Although the mechanism for the counter-regulatory action of the apelin/APJ system to the renin-angiotensin system is still unclear, growing evidence indicates that apelin mediates opposing actions to Ang II. Apelin attenuates Ang II-induced vasoconstriction through both the NO-dependent and NO-independent pathway [12,13]. Besides, in the kidney, apelin has glomerular hemodynamic functions that oppose to Ang II through the release of NO [16]. A recent report also showed that apelin inhibits Ang II signaling pathways including extracellular signal-regulated kinase phosphorylation and transcriptional regulation of multiple targets, and that the AT-1 and APJ receptors can physically associate on the cell membrane by forming heterodimers and may influence downstream signaling in a stoichiometric fashion [15]. Furthermore, protective effects of apelin in cardiovascular fibrosis have also been shown more recently in a model of Ang II-induced cardiovascular fibrosis [18] and during the treatment with an angiotensin receptor blocker [17]. However, our study is the first report that shows the role of the apelin/APJ system on the alleviative effect of renal fibrosis during inhibition of the Ang II/AT-1 system.

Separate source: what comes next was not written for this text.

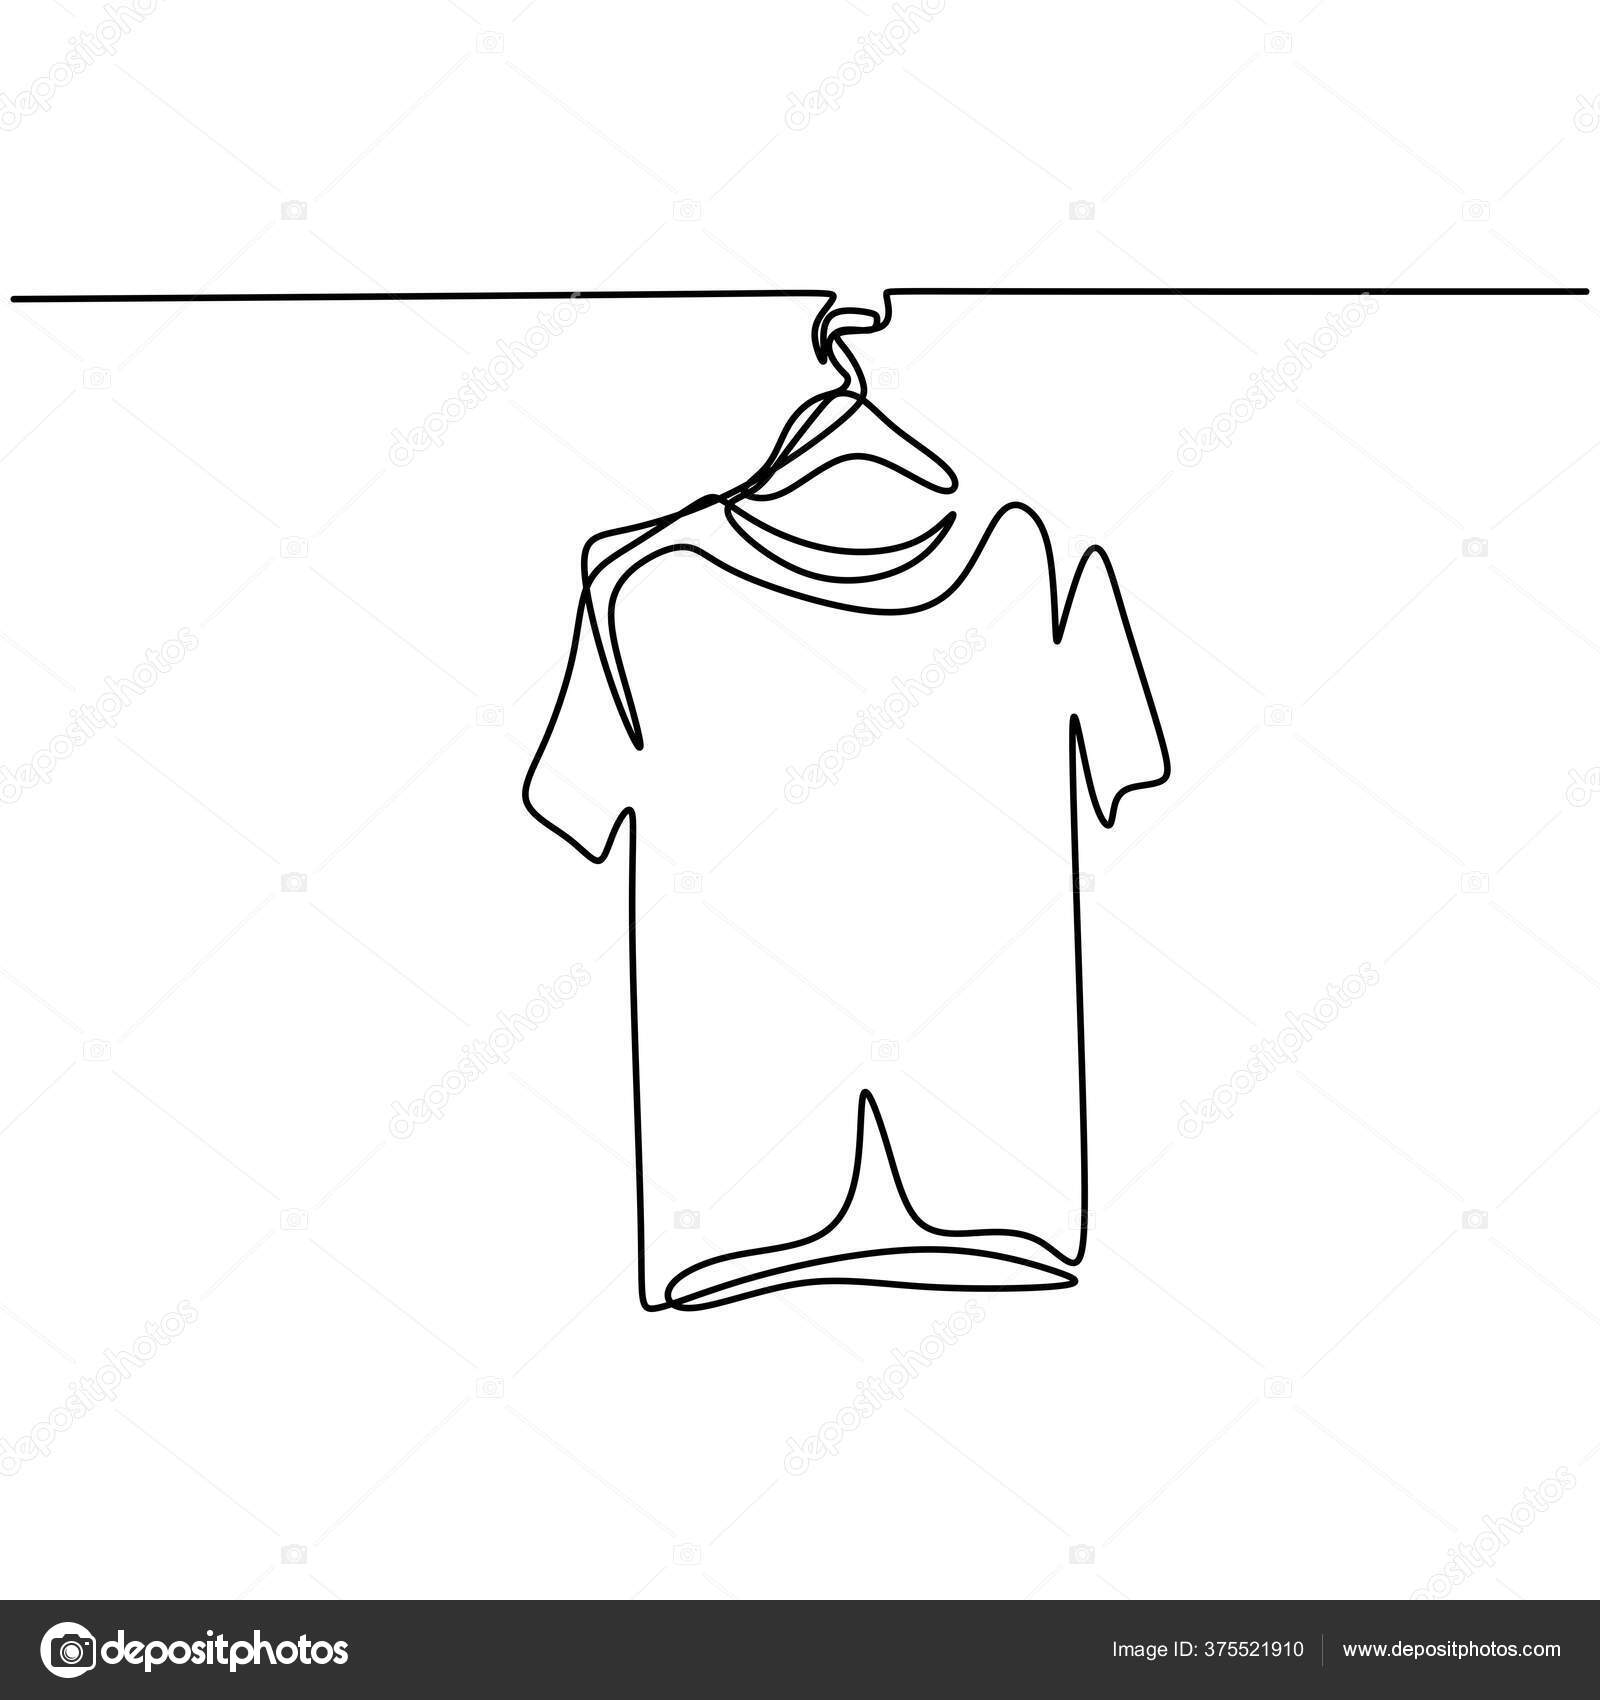 https://st3.depositphotos.com/17601448/37552/v/1600/depositphotos_375521910-stock-illustration-one-line-drawing-isolated-vector.jpg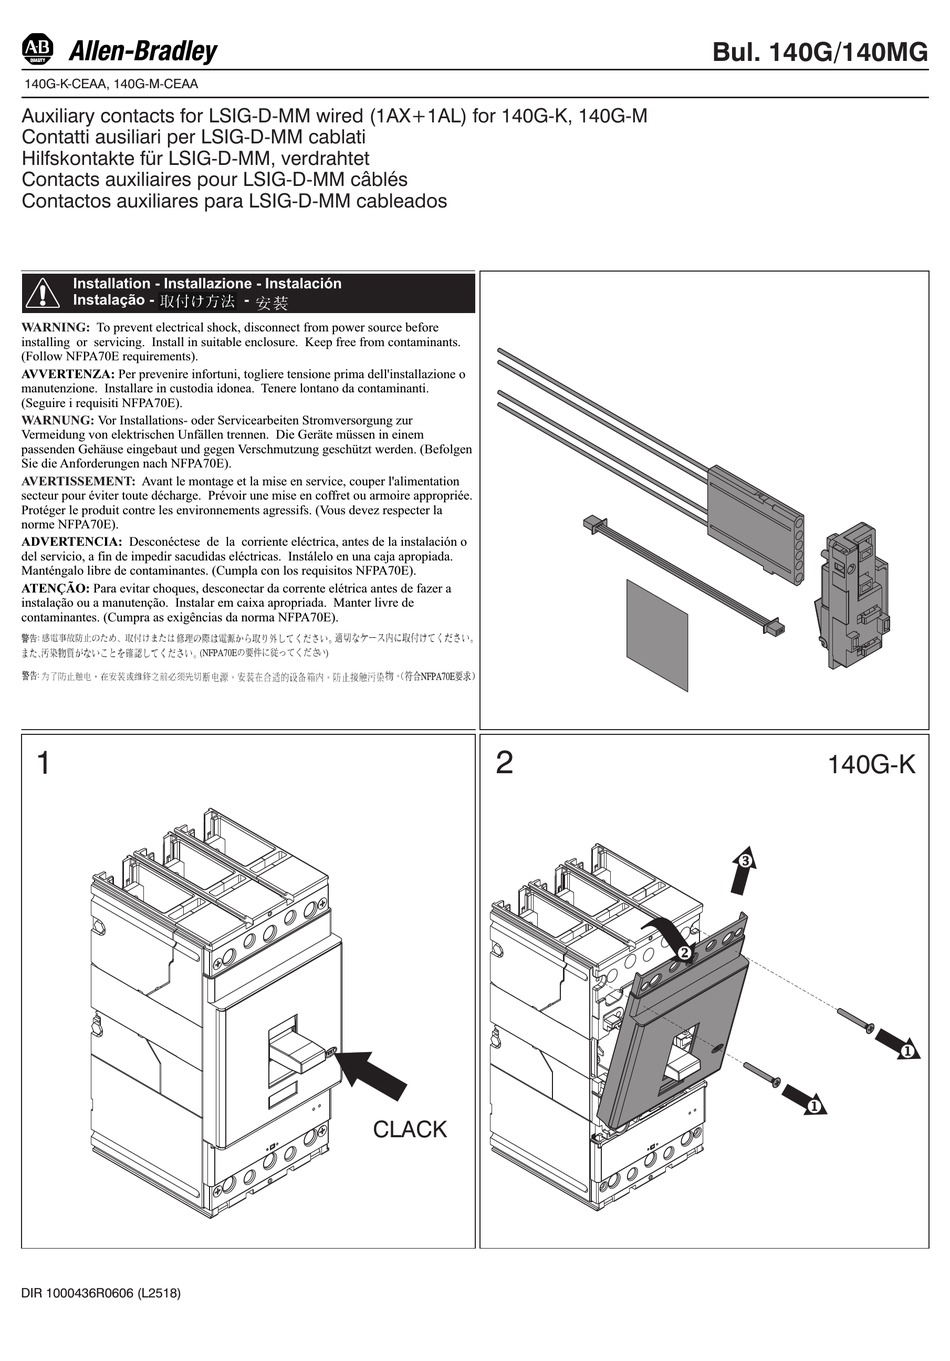 allen-bradley-140g-k-ceaa-installation-manual-pdf-download-manualslib

In summary, we have shown, for the first time, that pharmacological blockade of the Ang II/AT-1 system upregulates the apelin/APJ system, and that the apelin/APJ system contributes to the alleviative effect of renal fibrosis on the UUO kidney via activation of the Akt/eNOS pathway. Further studies regarding the role of apelin/APJ during the evolution of renal fibrosis and the regulatory mechanism of the apelin/APJ and renin-angiotensin systems are considered necessary. Nevertheless, our study provides insights into the role of Ang II inhibition and, more importantly, raises the possibility of therapeutic options targeting apelin/APJ as well as the renin-angiotensin system for the treatment of renal fibrosis.

Disclosure Statement

Losartan used in this experiment was provided by Merck & Co. Inc.